# RDS Lab 10: Case Study: Predicting employment outcomes based on mental health indictors

For the next few weeks, we're going to be doing an in-depth case study of a single dataset and modelling efforts around that dataset. The process we'll go through should help you as you work on your projects.

The dataset we're going to use is a survey designed to help draw a connection between mental health and employment outcomes. It was collected by Michael Cooley in partnership with SurveyMonkey and published on Kaggle.


## Part 1: Data Collection

The survey asks for responses to the following questions/statements:
- I identify as having a mental illness 
- I have my own computer separate from a smart phone    
- I have been hospitalized before for my mental illness    
    - If yes: How many days were you hospitalized for your mental illness    
- I am currently employed at least part-time    
- I am legally disabled    
- I have my regular access to the internet    
- I live with my parents    
- I have a gap in my resume    
    - If yes: Total length of any gaps in my resume in months.    
- Annual income (including any social welfare programs) in USD  
- I am unemployed    
- I read outside of work and school    
- Annual income from social welfare programs  
- I receive food stamps    
- I am on section 8 housing    
- I have one of the following issues in addition to my illness:
    - Lack of concentration
    - Anxiety
    - Depression
    - Obsessive thinking
    - Mood swings
    - Panic attacks
    - Compulsive behavior
    - Tiredness
- Education level 
- Age    
- Gender    
- Household Income    
- Region    
- Device Type   


### Ethical Issues

This survey obviously includes numerous highly sensitive questions.
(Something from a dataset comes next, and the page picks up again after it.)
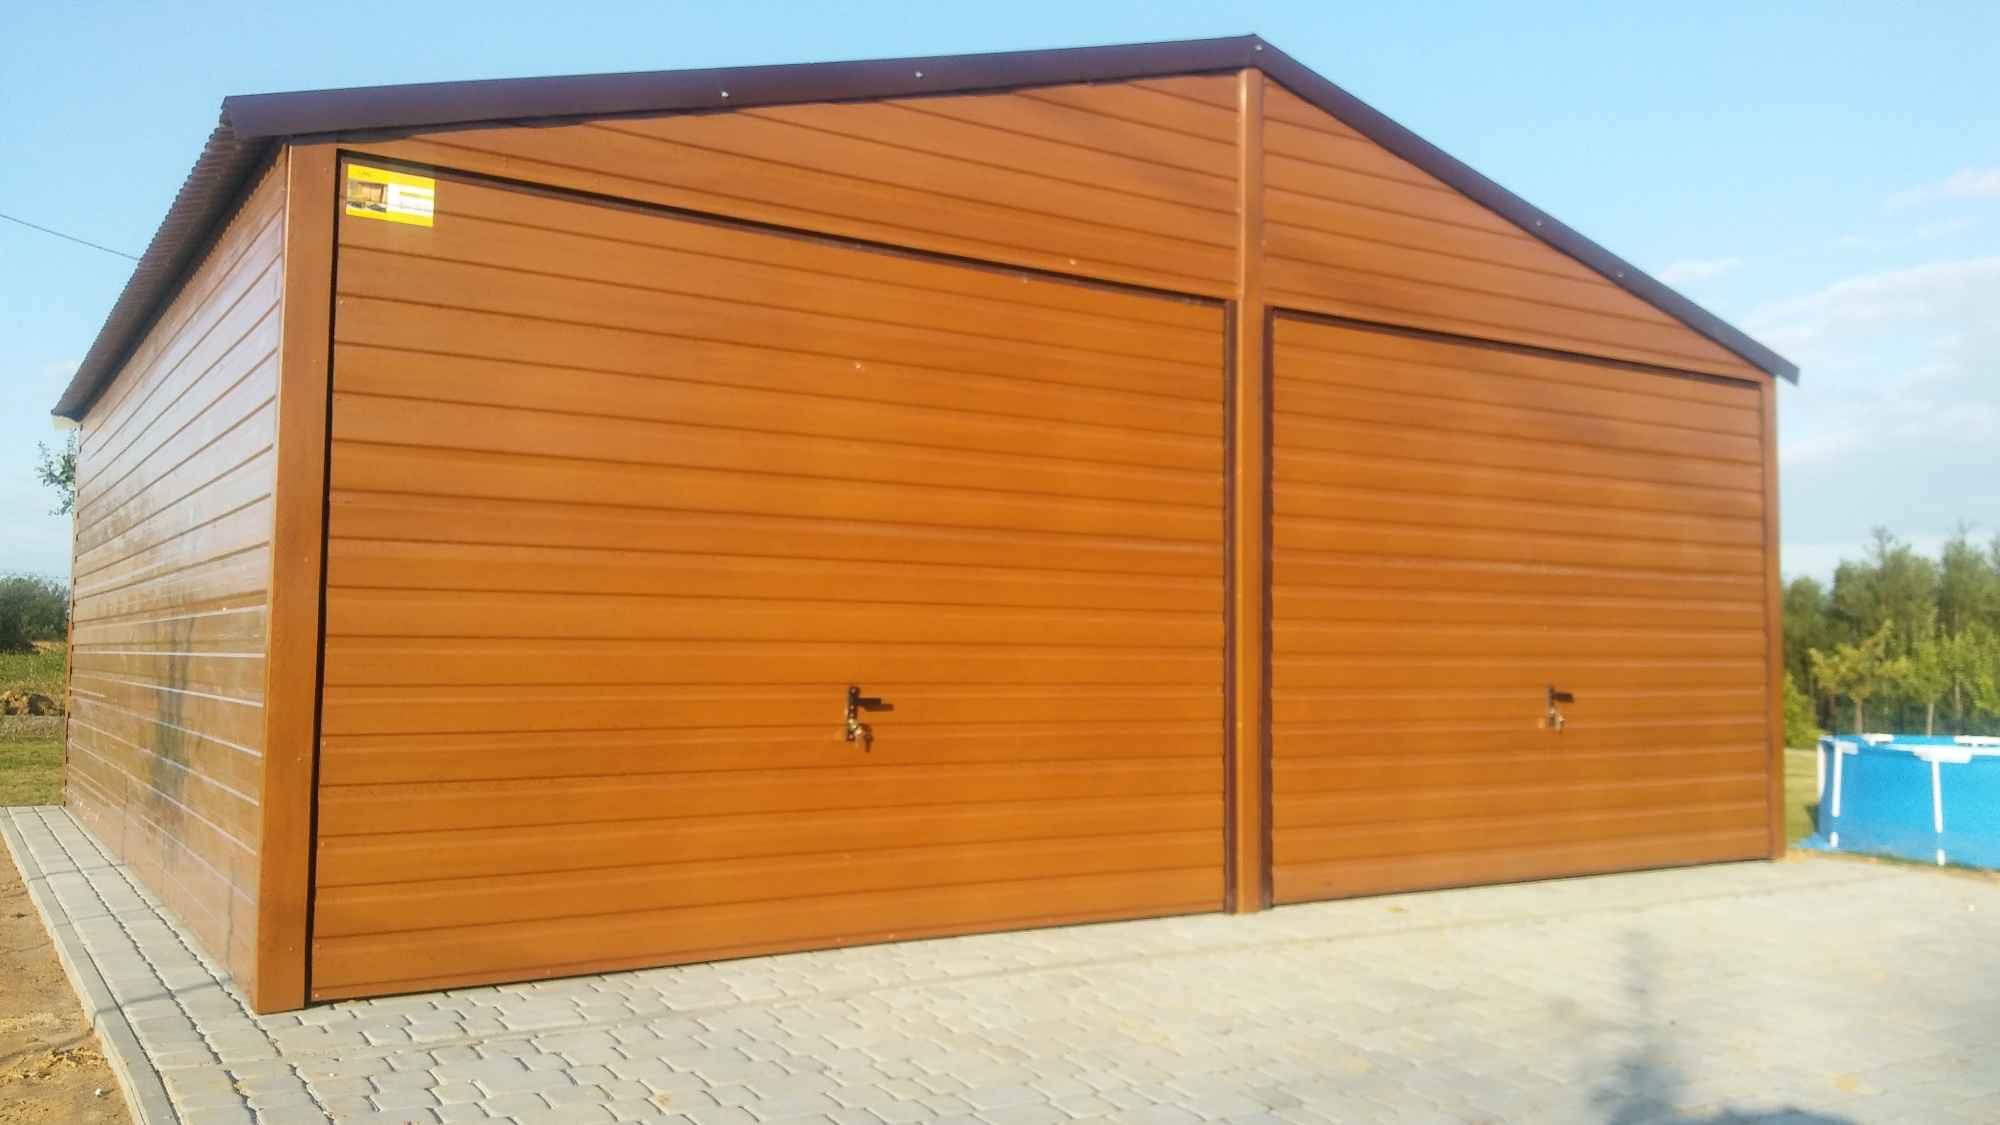 Garaże blaszane, blaszaki, schowki budowlane, kojce,wiaty, hale. Szczecin - zdjęcie 11
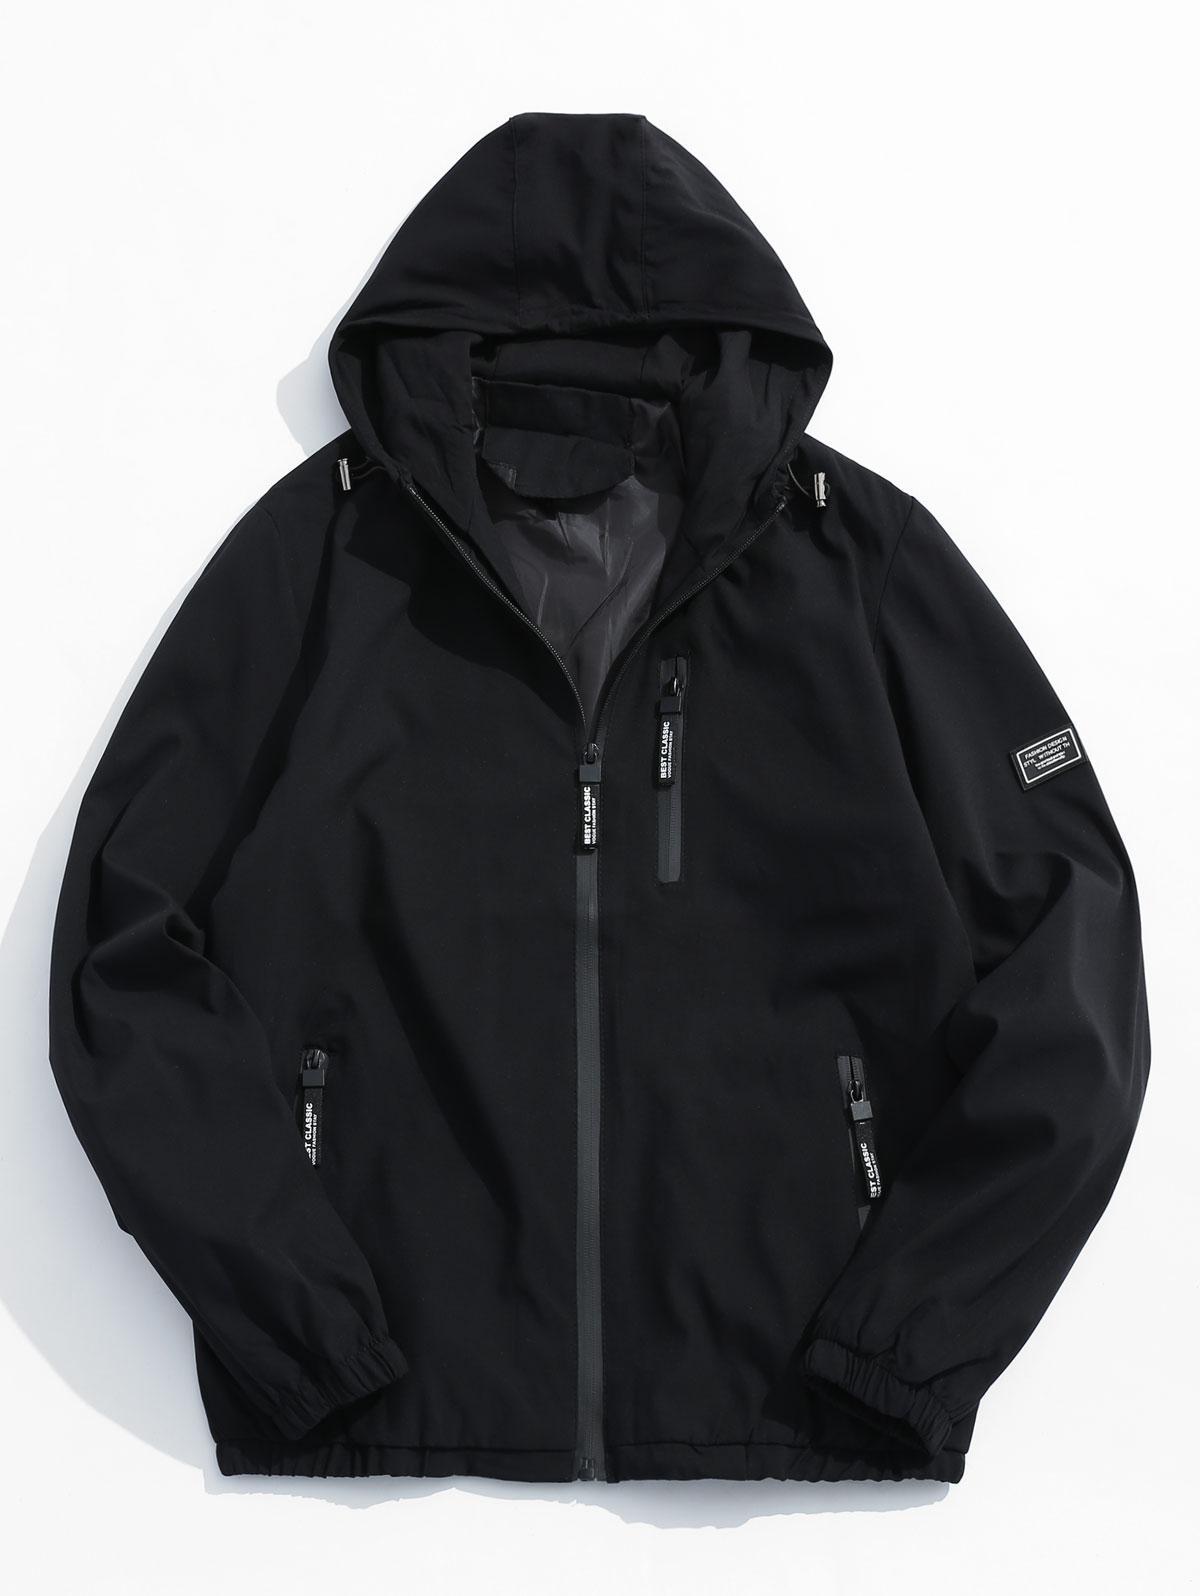 Applique Zip Up Hooded Jacket

We don't have any information about informed consent procedures, anonymization strategies, etc. that accompanied this data collection process, so we have to assume there were none. You can, however, read more about SurveyMonkey policies [here](https://help.surveymonkey.com/categories/Privacy_Legal).

Recall the four principles of the Menlo Report:
- Respect for persons: "individuals should be treated as autonomous agents... \[and\] persons with diminished autonomy are entitled to protection"
- Beneficence "(1) do not harm and (2) maximize possible benefits and minimize possible harms"
- Justice: the benefits and burdens of the research project should shared fairly 
- Respect for law and public interest

**Poll: Which of the four principles of the Menlo Report do you think is most relevant to *collecting* this data?**

There's no right answer here! Just be ready to explain your thought process.

When collecting data, we should also think about all the possible ways in which it could be used. Let's take a minute to brainstorm some such ways. 

**Poll: Which of the four principles of the Menlo Report do you think is most relevant to *using* this data?**


### Data Quality Issues

Before we even look at the data, we should think about potential data quality issues that are intrinsic to the data collection process. 

What should we be wary of when we look at this data?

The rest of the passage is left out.